When a seller promises to provide a low-quality product, the best response for the bidder is to offer a low price, to avoid paying a high price for a low-quality good. When a seller promises to deliver a high-quality product, the best response of the bidders depends on whether they believe that the seller will really provide a high-quality product. If they believe the message, the best response is to offer a high price. Otherwise they can best offer a low price. In the short term, sellers benefit more when buyers offer higher prices. This means that there is no reason for any rational and selfish seller to describe the product as a low-quality product, since they can in that case be sure that the buyer will not pay a high price. In the absence of a reputation system, under the assumption of goal-directed and self-interested behavior, sellers will always promise that they will provide a high quality good, so product descriptions are cheap signals.
However, empirical research shows that these product descriptions do affect buyers’ decisions (Lewis 2011; Anderson et al., 2007; Rawlins and Johnson 2007; Neto et al. 2016; Snijders and Zijdeman 2004; Heijst et al., 2008; Sena et al. 2005; ter Huurne et al., 2021a). For example, Lewis (2011) found that sellers on eBay who auction second-hard cars receive higher prices when they include in the product description that the car does not have scratches, dents or rust. Sellers who mention any of these deficits receive lower prices than sellers who do not mention these deficits.

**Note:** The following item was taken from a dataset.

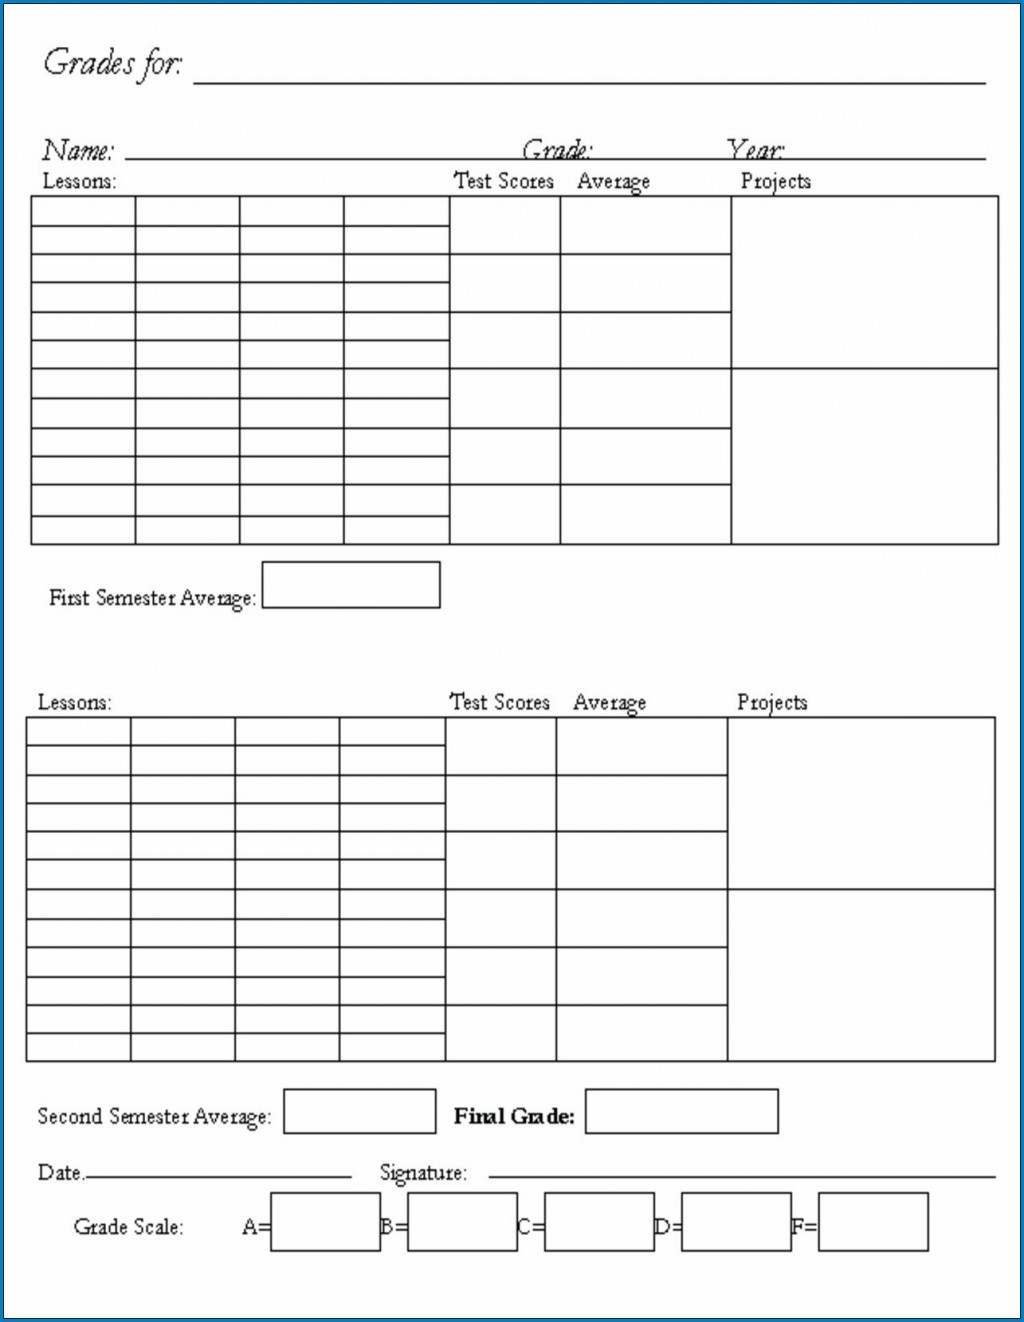 006 Unusual Homeschool Middle School Report Card Template High Definition  8th Grade TranscriptLarge

While such observations seem in line with the general obervation in experimental research that communication tends to enhances cooperation in social dilemmas (Balliet, 2010), it is not straightforward that these effects translate to the online context. For instance, Bichhieri and Lev-On (2007) argue that computer-mediated communication in general tends to be less effective than face-to-face communication in fostering cooperation, and that this effectiveness crucially depends on features of the online social environment that allow the establishment of a social norm of promise-keeping. The presence of a reputation system is such a feature that may explain buyers’ trust in product descriptions.
Reputation systems collect, aggregate and distribute feedback about sellers to buyers (Resnick et al., 2000). In markets in which sellers repeatedly sell a single product of fixed quality, ratings left behind by previous customers help buyers differentiate between sellers of good and bad products (Buskens, 2003; Cook et al., 2005; Kuwabara, 2015; Raub and Weesie, 1990; Sorenson, 2014; Weigelt and Camerer, 1988; Yamagishi and Yamagishi, 1994). Studies indeed show that positive ratings positively affect seller choice and price in homogenous markets (Boero et al., 2009; Charness et al., 2011; Duffy et al. 2013; Fehrler and Przepiorka 2013; Bolton et al. 2004; Diekmann et al., 2014; Simpson and Willer 2015; Resnick and Zeckhauser 2002; Frey and Van De Rijt 2016).
In contrast to such homogenous markets, sellers of second-hand items sometimes have high-quality products and sometimes low-quality products for sale. Each product is sold in a dedicated online auction. Prior to the auction the seller describes the state of the product. At this stage a selfish and dishonorable seller could willingly portray their product as better than it really is. Reputation systems may help buyers determine how accurate quality claims made by seller about a specific product are (Lewis 2011; Ba and Pavlou 2002; Houser and Wooders 2006; Snijders and Zijdeman 2004; Neto et al. 2016; Melnik and Alm 2005; Depken and Gregorius 2010). Reputation systems may thus help overcome Akerlof’s adverse selection problem when there is heterogeneity in product quality between different offerings by the same seller.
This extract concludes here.